LightRAG: Simple and Fast Retrieval-Augmented Generation

请添加图片描述

This repository hosts the code of LightRAG. The structure of this code is based on nano-graphrag. 请添加图片描述

Install

  • Install from source
cd LightRAG
pip install -e .
  • Install from PyPI
pip install lightrag-hku

Quick Start

  • Set OpenAI API key in environment: export OPENAI_API_KEY="sk-...".
  • Download the demo text "A Christmas Carol by Charles Dickens"
curl https://raw.githubusercontent.com/gusye1234/nano-graphrag/main/tests/mock_data.txt > ./book.txt

Use the below python snippet:

from lightrag import LightRAG, QueryParam

rag = LightRAG(working_dir="./dickens")

with open("./book.txt") as f:
    rag.insert(f.read())

# Perform naive search
print(rag.query("What are the top themes in this story?", param=QueryParam(mode="naive")))

# Perform local search
print(rag.query("What are the top themes in this story?", param=QueryParam(mode="local")))

# Perform global search
print(rag.query("What are the top themes in this story?", param=QueryParam(mode="global")))

# Perform hybird search
print(rag.query("What are the top themes in this story?", param=QueryParam(mode="hybird")))

Batch Insert

rag.insert(["TEXT1", "TEXT2",...])

Incremental Insert

rag = LightRAG(working_dir="./dickens")

with open("./newText.txt") as f:
    rag.insert(f.read())

Evaluation

Dataset

The dataset used in LightRAG can be download from TommyChien/UltraDomain.

Generate Query

LightRAG uses the following prompt to generate high-level queries, with the corresponding code located in example/generate_query.py.

Given the following description of a dataset:

{description}

Please identify 5 potential users who would engage with this dataset. For each user, list 5 tasks they would perform with this dataset. Then, for each (user, task) combination, generate 5 questions that require a high-level understanding of the entire dataset.

Output the results in the following structure:
- User 1: [user description]
    - Task 1: [task description]
        - Question 1:
        - Question 2:
        - Question 3:
        - Question 4:
        - Question 5:
    - Task 2: [task description]
        ...
    - Task 5: [task description]
- User 2: [user description]
    ...
- User 5: [user description]
    ...

Batch Eval

To evaluate the performance of two RAG systems on high-level queries, LightRAG uses the following prompt, with the specific code available in example/batch_eval.py.

---Role---
You are an expert tasked with evaluating two answers to the same question based on three criteria: **Comprehensiveness**, **Diversity**, and **Empowerment**.
---Goal---
You will evaluate two answers to the same question based on three criteria: **Comprehensiveness**, **Diversity**, and **Empowerment**. 

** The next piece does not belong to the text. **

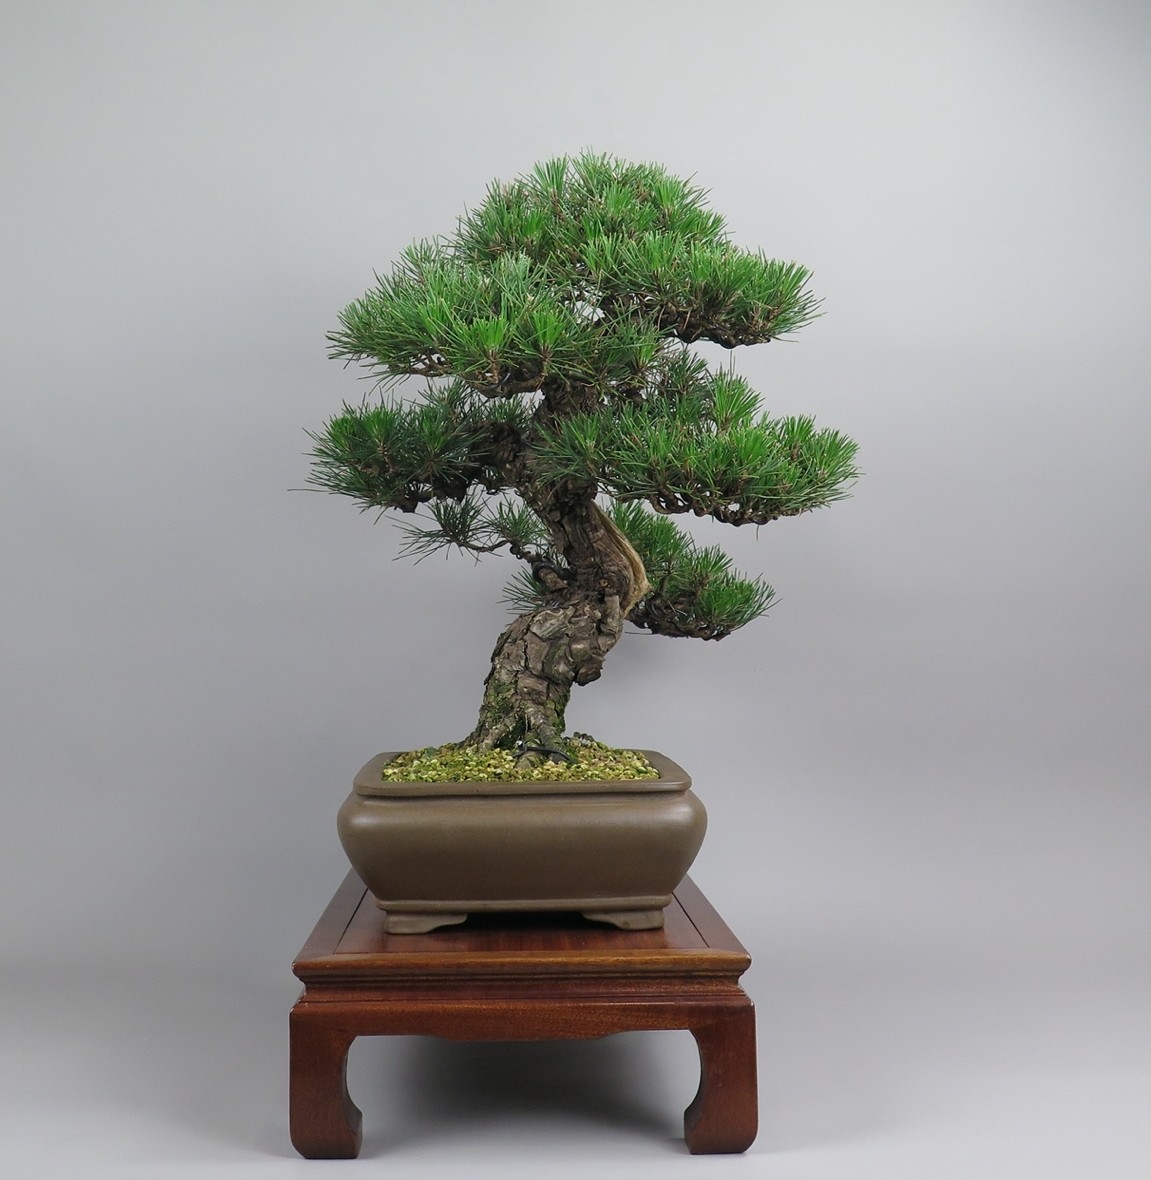 Bonsai de Pinus tumbergii, lateral derecho.

- **Comprehensiveness**: How much detail does the answer provide to cover all aspects and details of the question?
- **Diversity**: How varied and rich is the answer in providing different perspectives and insights on the question?
- **Empowerment**: How well does the answer help the reader understand and make informed judgments about the topic?

For each criterion, choose the better answer (either Answer 1 or Answer 2) and explain why. Then, select an overall winner based on these three categories.

Here is the question:
{query}

Here are the two answers:

**Answer 1:**
{answer1}

**Answer 2:**
{answer2}

Evaluate both answers using the three criteria listed above and provide detailed explanations for each criterion.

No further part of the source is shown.